The log_scrubber utility is provided as a convenience to help users with strict PII requirements. The license states that the responsibility to uphold your data requirements is still your own.
What logs can I scrub with this tool?
By default, log_scrubber.py expects a "get_logs" archive. However, the tool can also accept a text file or list of files passed with the "–flat" parameter. For example,
/opt/qradar/support/log_scrubber.py --flat /var/log/qradar.log
Scrubbing /var/log/qradar.log.
File is scrubbed. Output is saved as /storetmp/scrub/qradar.log_1670935514
Mapping file is saved as /store/ibm_support/scrub/qradar.log_1670935514.map
/opt/qradar/support/log_scrubber.py /store/LOGS/logs_ip-128-58_20221212_e579fe7e.tar.gz
Scrubbing /store/LOGS/logs_ip-128-58_20221212_e579fe7e.tar.gz
No need to scrub PERFDATA_LOGS.tar.gz, does not contain PII.
INFO: The following files were found to be empty: ['datanode.properties', 'krb5.conf', 'message-mapping.AhnLabPolicyCenterJdbc.properties', 'message-mapping.ObserveITJdbc.properties', 'manager.log', 'host-manager.log', 'iem-cron.log', 'access.log', 'ssl_error_log', 'qflow.debug', 'xforce_scaserver_updates.20221212.txt']
WARN: Scrubbing failed for the following files, they will be omitted from the output: ['var/log/httpd/ssl_request_log.1.gz', 'var/log/messages.1.gz', 'var/log/messages.2.gz', 'var/log/qradar.old/qradar.log.1.gz', 'var/log/qradar.old/qradar.log.2.gz']
Summary of [/store/LOGS/logs_ip-128-58_20221212_e579fe7e.tar.gz]
Total: 1010 files
Scrubbed: 993/1010
Skipped: 17/1010
Mapping files are under [/store/ibm_support/scrub/logs_ip-128-58_20221212_e579fe7e.tar.gz_1670856374_map]
Scrubbed get_logs is saved as [/store/LOGS/logs_ip-128-58_20221212_e579fe7e.1670856374.scrubbed.tar.gz]
How do I view the output?
This section is divided into two sections as we have "Scrubbed Files" and "Mapping Files".
The scrubbed files are the scrubbed log files themselves that is uploaded to support.
The mapping files are the files that contain a dictionary of scrubbed PII and their replacements in the log file.
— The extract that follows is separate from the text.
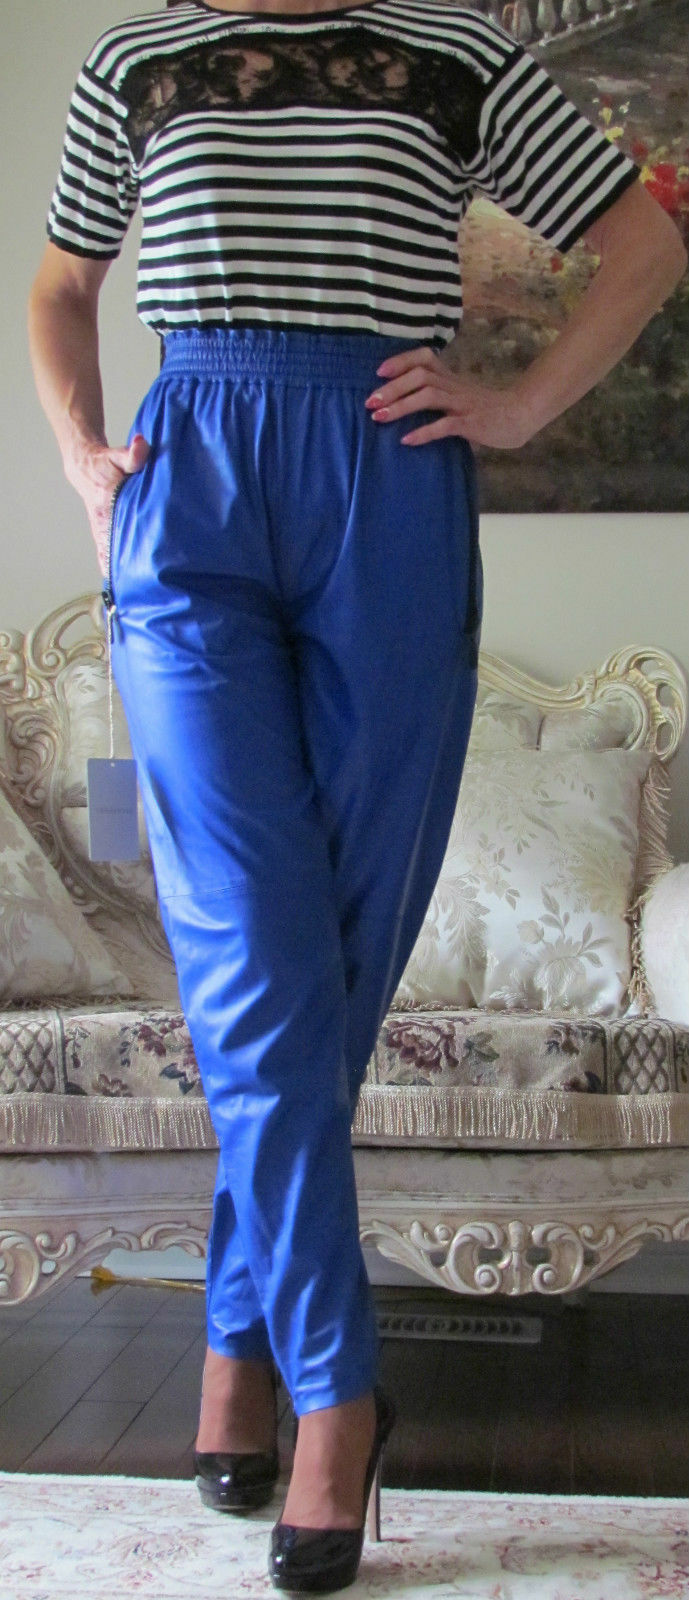 Rare EMILIO PUCCI Runway Calfskin Leather dress-y pants IT 40,US 4-6,S-M

These files must be kept by the user.
Scrubbed Files
In the previous "–flat" example, the output was stored in /storetmp/scrub/qradar.log_1670935514. Notice the output file was stored in /storetmp/. Meaning that files are deleted within 24 hours by disk maintenance unless moved. If you need to copy log files off the deployment for support you can, then forget about it as it is deleted automatically. Viewing the file would look something like this:
# head -5 /storetmp/scrub/qradar.log_1670935514
Hostname_ID_<unique ID> OutOfMemoryMonitor[30169]: Starting out-of-memory monitoring (enabled: yes)...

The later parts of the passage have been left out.